Tuesday, 4 September 2012

Home alone: Rare baby seal makes splash on local beach (PHOTOS, VIDEO)

A baby from an endangered species of seal has made a public beach in western Russia his home. With their low numbers and fear of humans making them a rare sight, this pup seems to think the local people are part of his family.
Baltic grey seals have been registered in the Russian Red Book of Endangered Species for quite some time, with just several thousands of them left in the Baltic Sea.
Scientists say seals from this species live in groups, meaning the baby must have gone astray and has now mistaken people in the area for his pod.
The seal whiles his days away lying on the sand, though he occasionally makes his way to the water to take a dip and look for food.
Despite attracting regular attention from crowds of curious locals and tourists just outside of Kaliningrad, this natural wonder does not appear to have been bothered in the slightest.
In fact, witnesses say the baby-seal enjoys posing for pictures. He rolls around, waves his flat flippers and playfully rolls from side to side.
“They say some women were sunbathing and he came to lay back to back with them,” a local woman told NTV channel.
The vets say the animal is in good health, though they cannot explain why the seal has chosen such an unusual spot to set up camp.
Seals of this kind tend to come to the land for some time every year and rest, but they usually choose deserted beaches, scientists say.
For whatever reason this pup has chosen a less than deserted shore, locals are happy about their surprise visitor, who has quickly become a small town celebrity. “Our toots, babe and cutie” are just some of the affectionate nicknames they have given to their adorable guest.

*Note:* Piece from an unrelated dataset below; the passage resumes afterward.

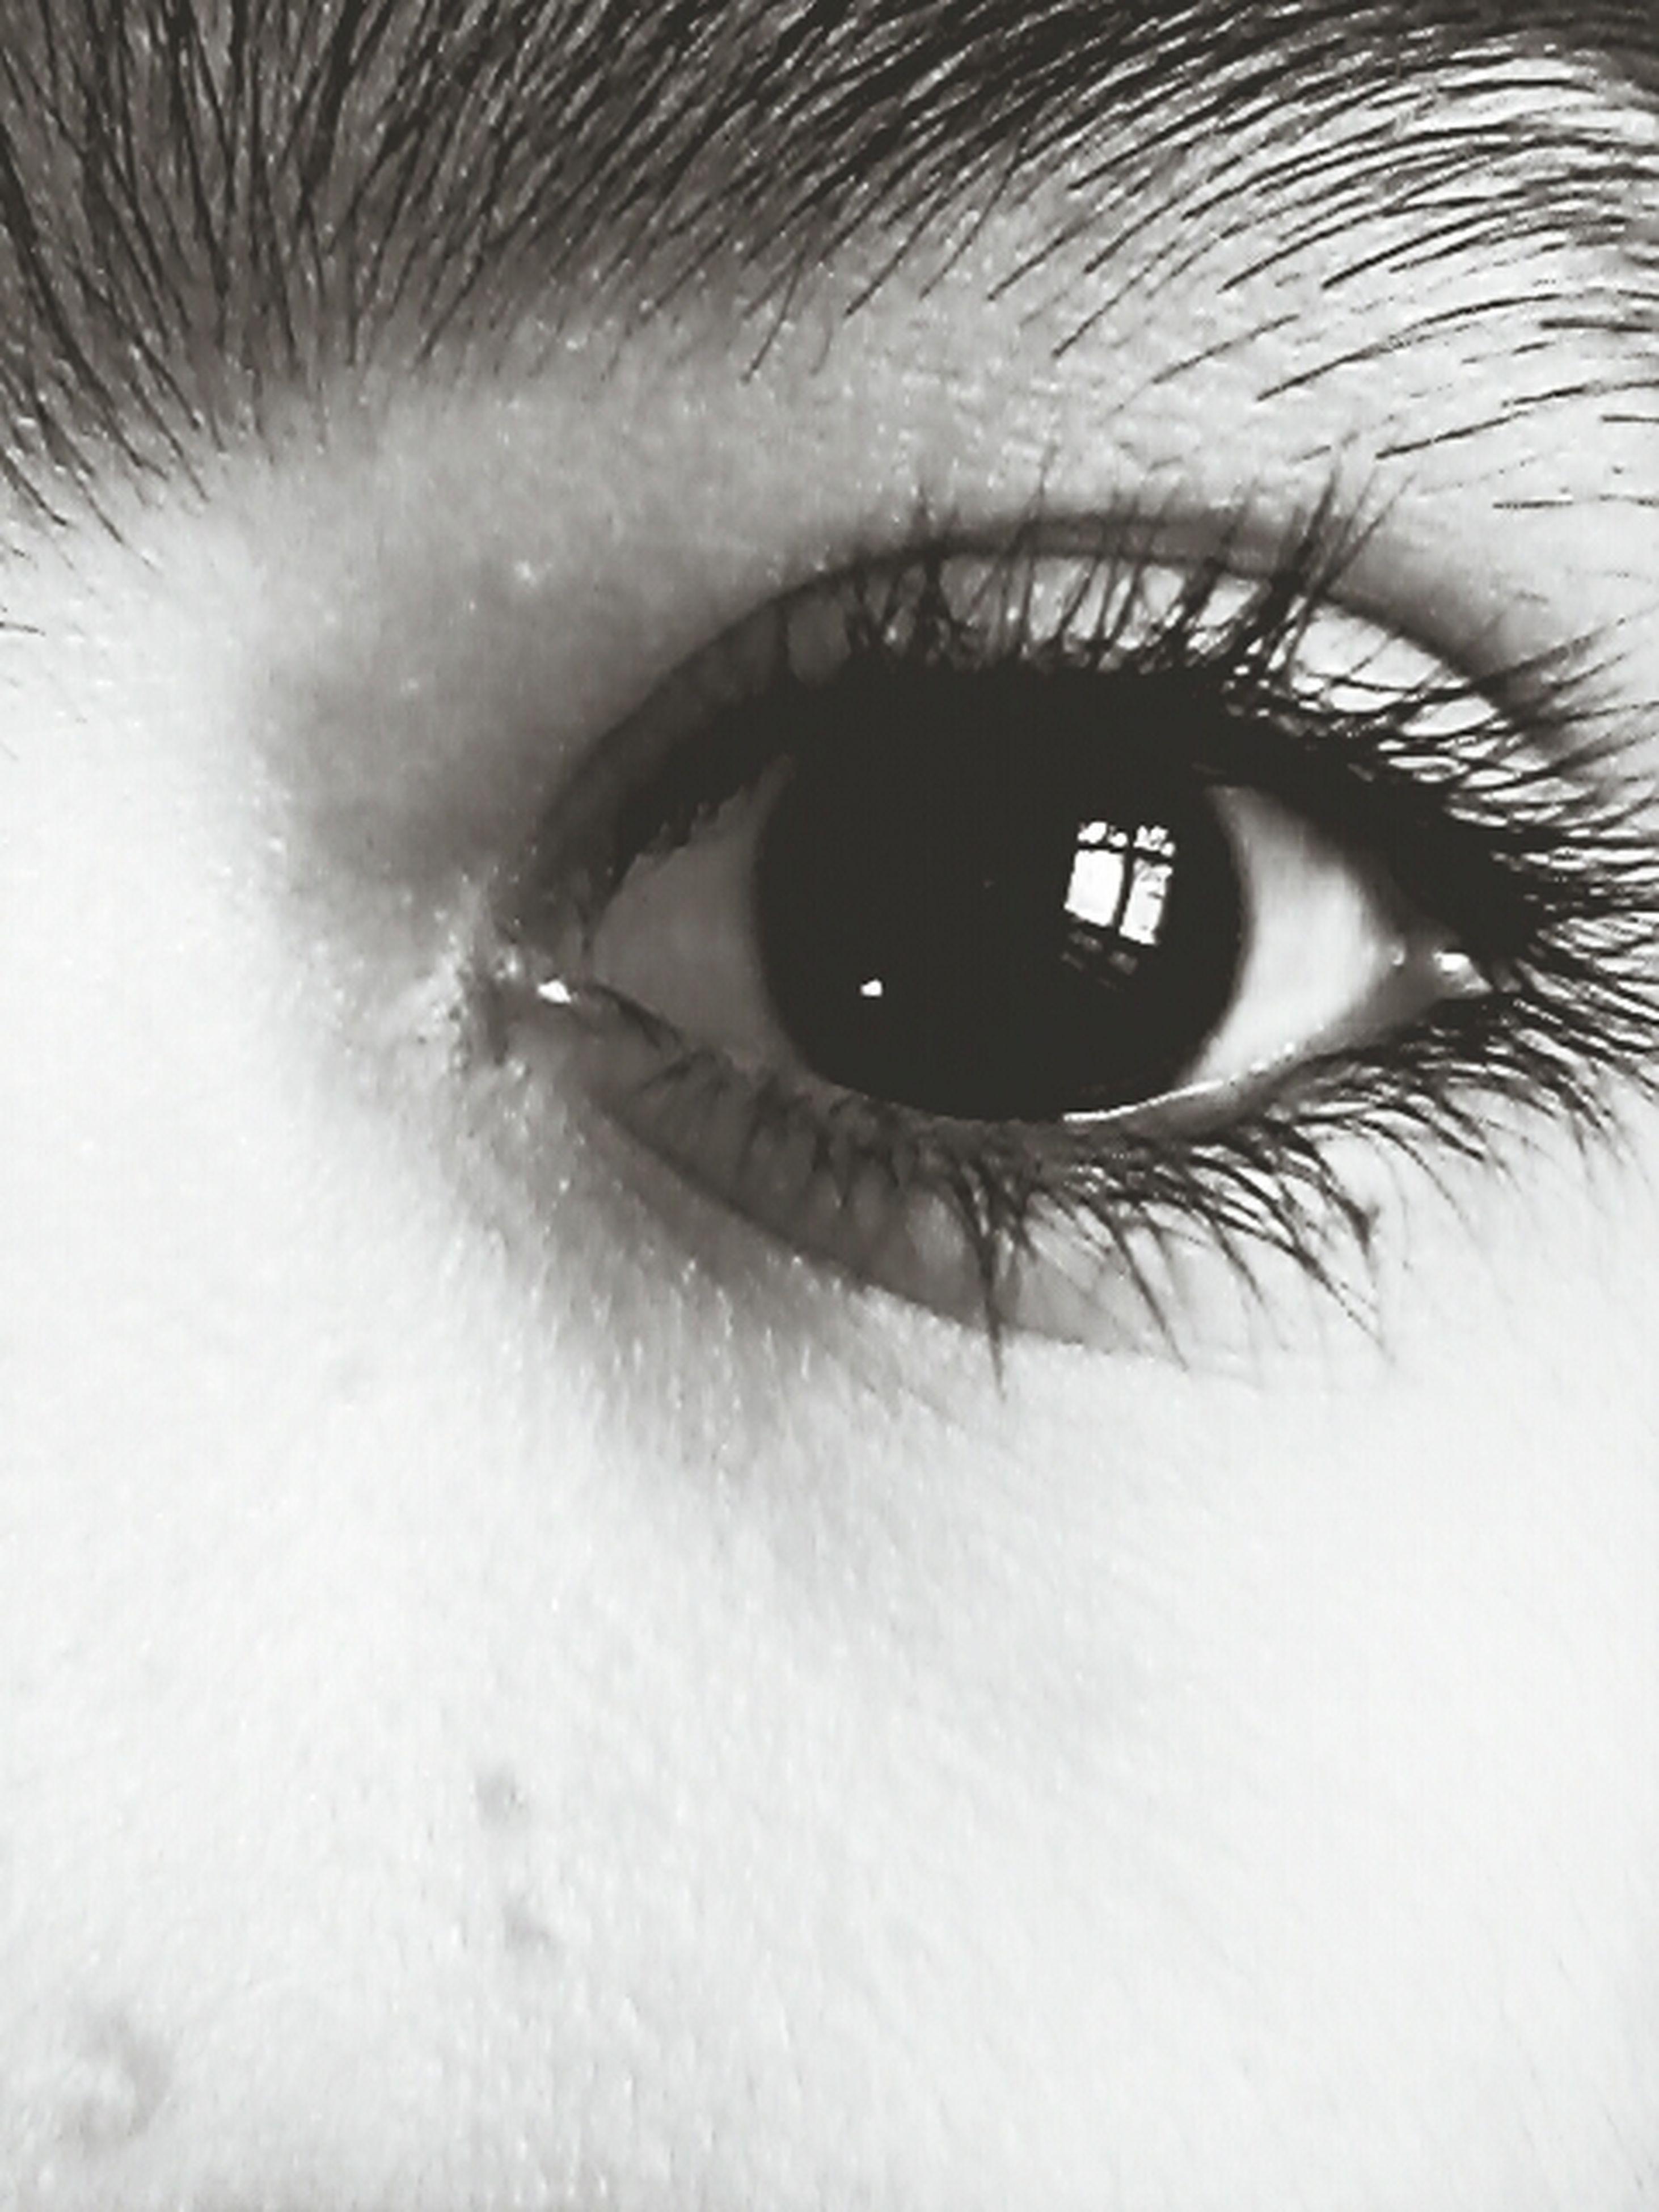 human eye, eyelash, eyesight, close-up, sensory perception, part of, eyeball, looking at camera, extreme close-up, iris - eye, portrait, human skin, human face, extreme close up, unrecognizable person, person, lifestyles
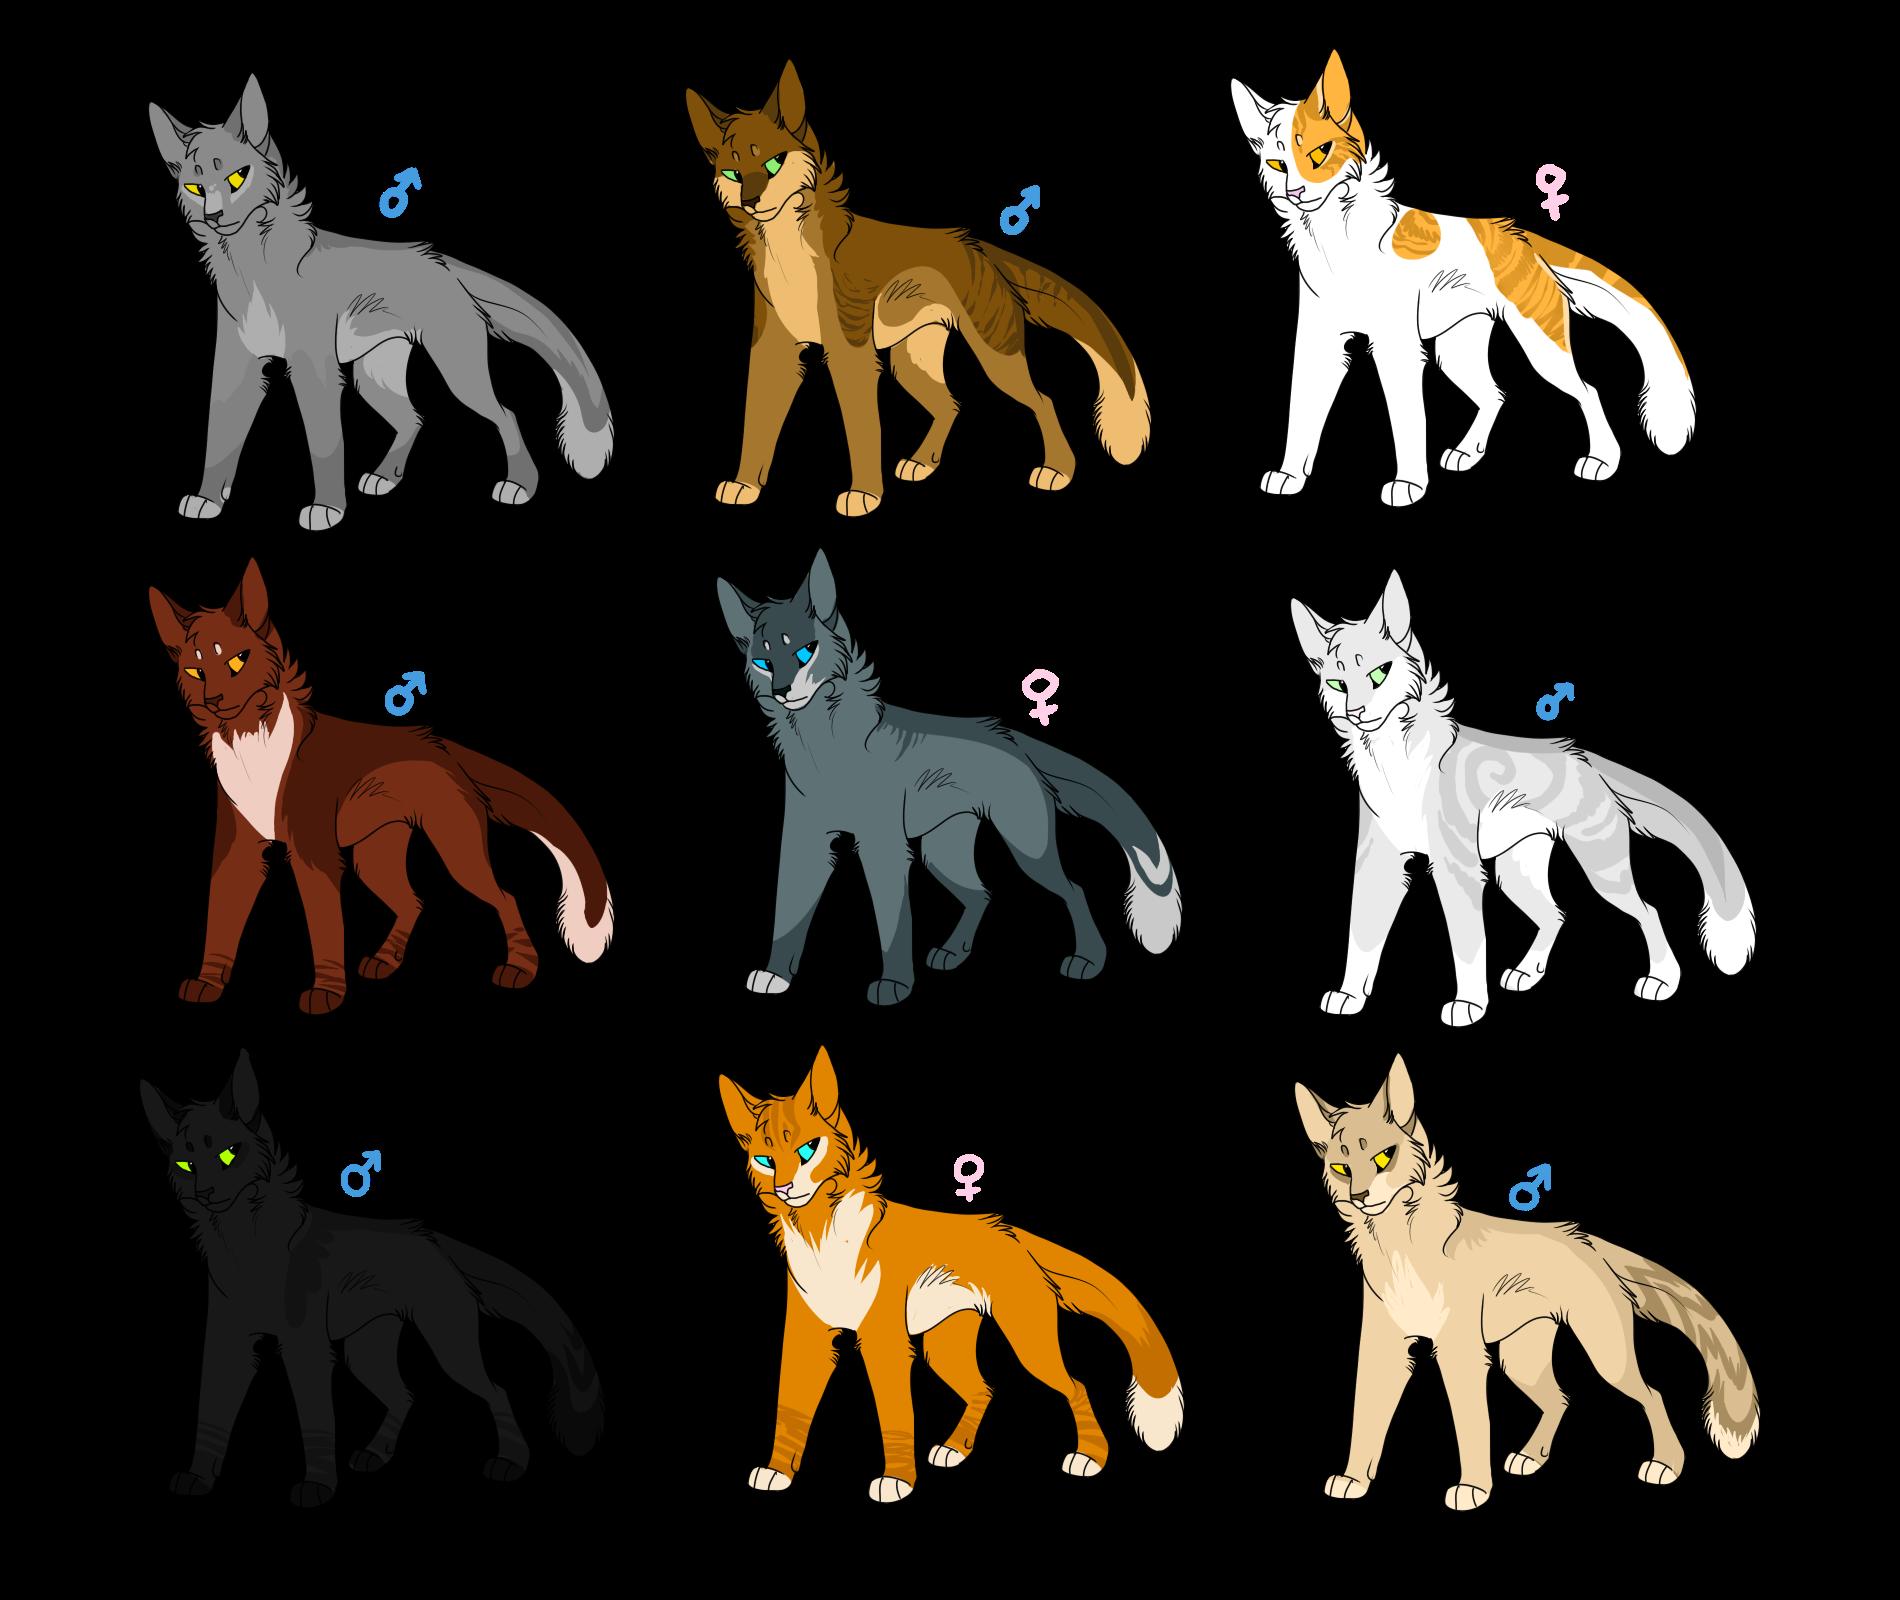 warrior cats Google Search Warrior cats, Warrior cats

Having been swamped with so much public attention, rangers who patrol the area often have to ask people to back off for some time so that the pup can get some shuteye.
“At the moment the only thing that poses a threat to the seal are the crowds of onlookers. The wrong food can prove fatal,” said Oleg Nikolayev from the organization Green Patrol.
Scientists are positive as soon as the seal bulks up a bit, he will leave the beach to return to his natural habitat.